EXERCISE PROMPT: Each line below from the "soccer / football ball Stock Photo" line through the "AQXYWQOL 3D Metall" line, those two included, must be restated word for word; the pictures must not be.

** Opening DATA block **

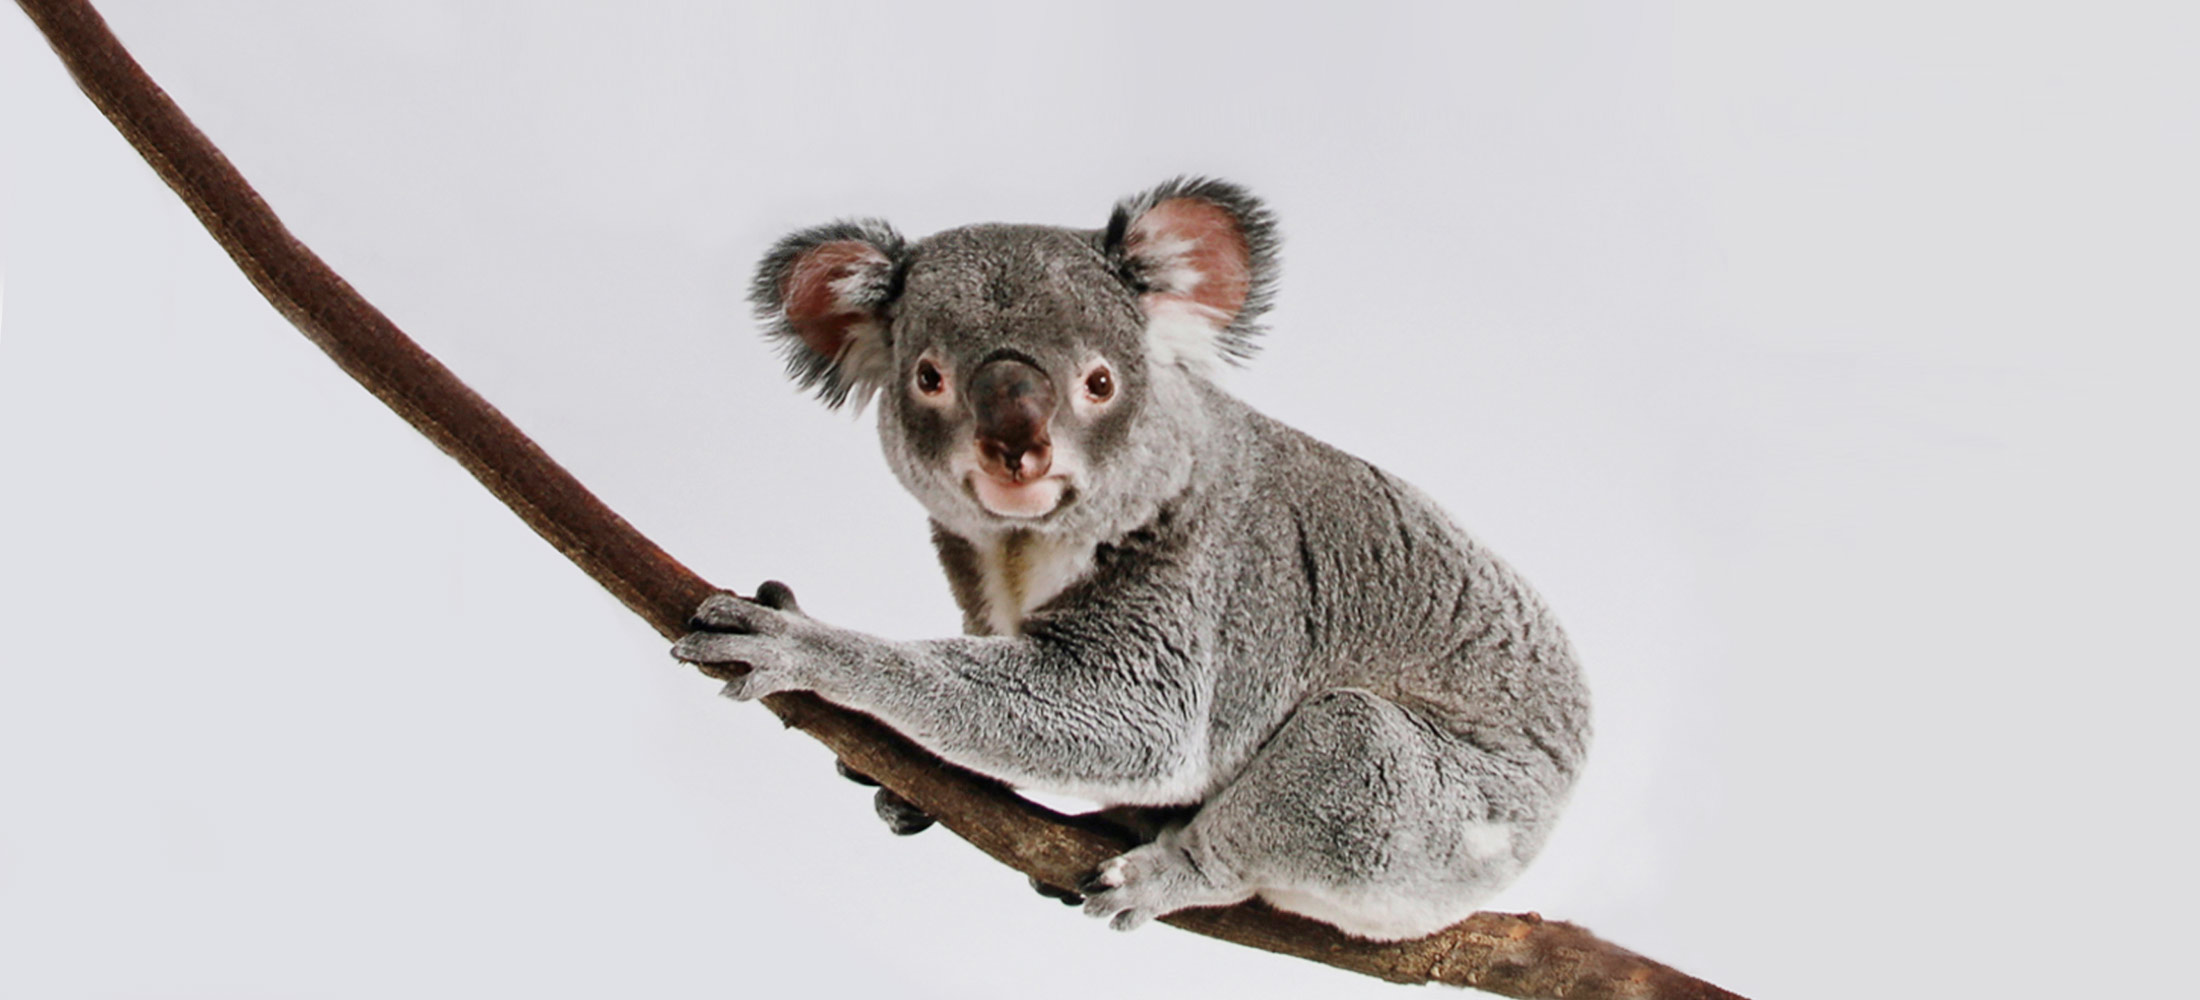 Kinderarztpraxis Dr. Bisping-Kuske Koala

** Closing DATA block **
** Opening DATA block **

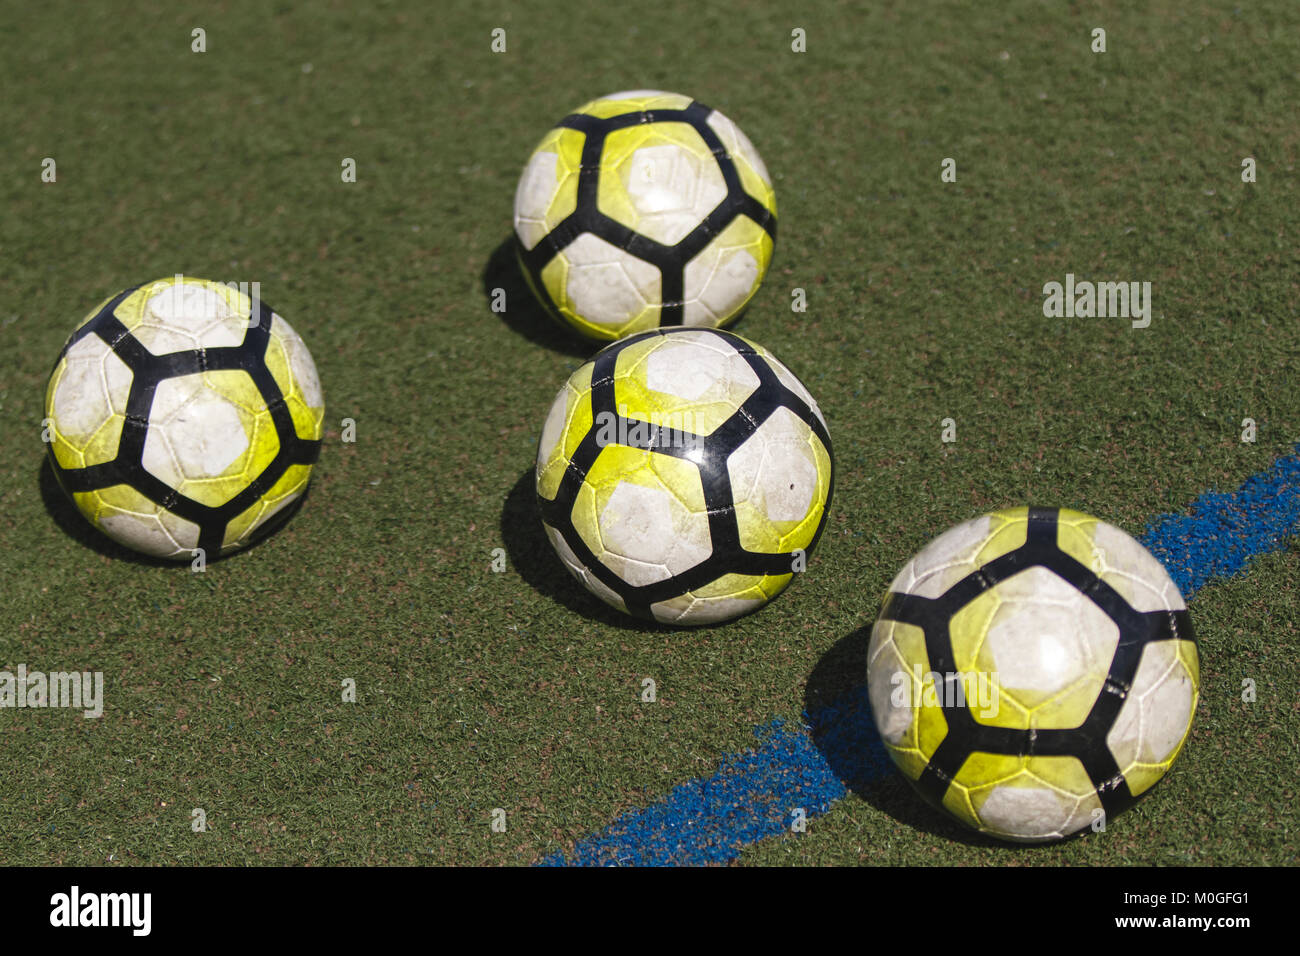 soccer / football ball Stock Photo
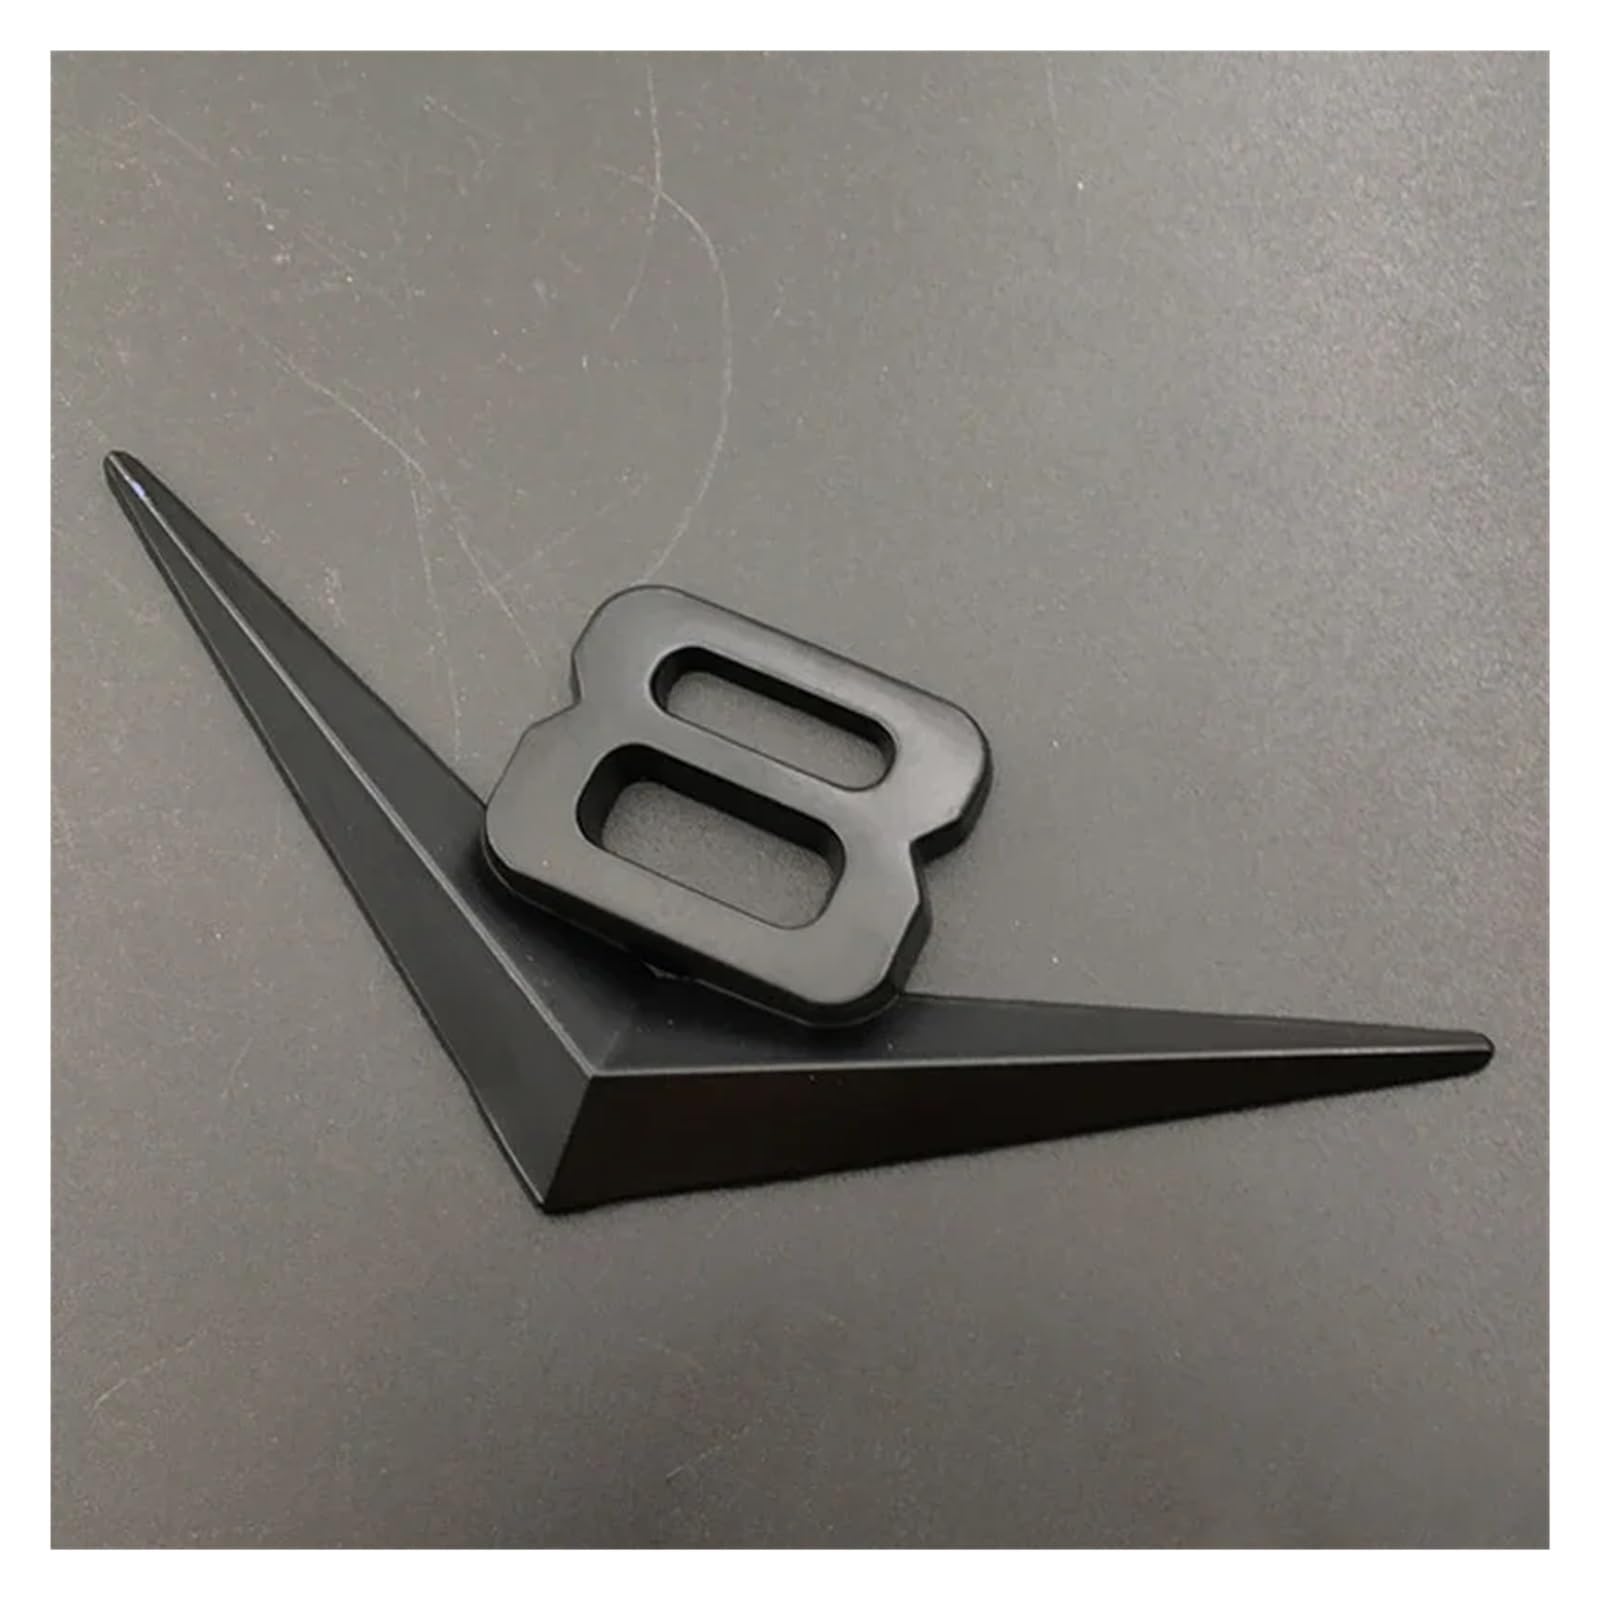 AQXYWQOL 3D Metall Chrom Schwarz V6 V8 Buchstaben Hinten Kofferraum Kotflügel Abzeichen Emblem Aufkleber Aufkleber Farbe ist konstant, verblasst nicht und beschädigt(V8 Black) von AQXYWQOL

** Closing DATA block **

EXERCISE RESPONSE:
 soccer / football ball Stock Photo
 AQXYWQOL 3D Metall Chrom Schwarz V6 V8 Buchstaben Hinten Kofferraum Kotflügel Abzeichen Emblem Aufkleber Aufkleber Farbe ist konstant, verblasst nicht und beschädigt(V8 Black) von AQXYWQOL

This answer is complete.